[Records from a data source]

____

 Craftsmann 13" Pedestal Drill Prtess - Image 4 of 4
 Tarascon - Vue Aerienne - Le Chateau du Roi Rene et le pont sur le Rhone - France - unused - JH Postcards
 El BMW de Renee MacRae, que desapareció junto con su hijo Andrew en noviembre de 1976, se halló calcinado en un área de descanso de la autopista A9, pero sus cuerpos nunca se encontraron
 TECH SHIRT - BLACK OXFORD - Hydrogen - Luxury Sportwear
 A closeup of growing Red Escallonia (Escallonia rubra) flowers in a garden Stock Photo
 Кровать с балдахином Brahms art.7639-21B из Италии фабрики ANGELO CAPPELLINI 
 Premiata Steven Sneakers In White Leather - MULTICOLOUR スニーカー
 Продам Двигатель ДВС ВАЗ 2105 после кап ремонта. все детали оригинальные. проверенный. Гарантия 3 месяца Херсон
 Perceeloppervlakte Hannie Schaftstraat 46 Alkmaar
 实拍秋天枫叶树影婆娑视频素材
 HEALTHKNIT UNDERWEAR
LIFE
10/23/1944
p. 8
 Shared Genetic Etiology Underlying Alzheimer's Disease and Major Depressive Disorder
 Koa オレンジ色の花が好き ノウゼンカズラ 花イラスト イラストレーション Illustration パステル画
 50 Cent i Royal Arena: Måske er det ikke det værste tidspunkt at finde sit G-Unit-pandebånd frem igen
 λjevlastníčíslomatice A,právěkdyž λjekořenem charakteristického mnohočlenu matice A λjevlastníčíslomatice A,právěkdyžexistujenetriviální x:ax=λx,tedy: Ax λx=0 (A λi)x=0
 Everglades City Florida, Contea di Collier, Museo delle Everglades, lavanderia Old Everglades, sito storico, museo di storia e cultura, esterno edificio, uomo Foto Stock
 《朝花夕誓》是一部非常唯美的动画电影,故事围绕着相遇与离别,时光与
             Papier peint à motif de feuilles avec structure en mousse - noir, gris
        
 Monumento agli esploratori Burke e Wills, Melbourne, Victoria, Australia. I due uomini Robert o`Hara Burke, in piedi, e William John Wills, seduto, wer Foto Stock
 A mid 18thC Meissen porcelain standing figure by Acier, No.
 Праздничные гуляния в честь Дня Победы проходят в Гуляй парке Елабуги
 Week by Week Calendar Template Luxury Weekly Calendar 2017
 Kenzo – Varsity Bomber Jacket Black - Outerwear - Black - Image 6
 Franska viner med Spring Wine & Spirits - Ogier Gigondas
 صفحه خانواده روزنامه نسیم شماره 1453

____

_Task statement_. Go through the records above. Copy each line in which the string "Foto" appears.

_Expected answer_.
 Everglades City Florida, Contea di Collier, Museo delle Everglades, lavanderia Old Everglades, sito storico, museo di storia e cultura, esterno edificio, uomo Foto Stock
 Monumento agli esploratori Burke e Wills, Melbourne, Victoria, Australia. I due uomini Robert o`Hara Burke, in piedi, e William John Wills, seduto, wer Foto Stock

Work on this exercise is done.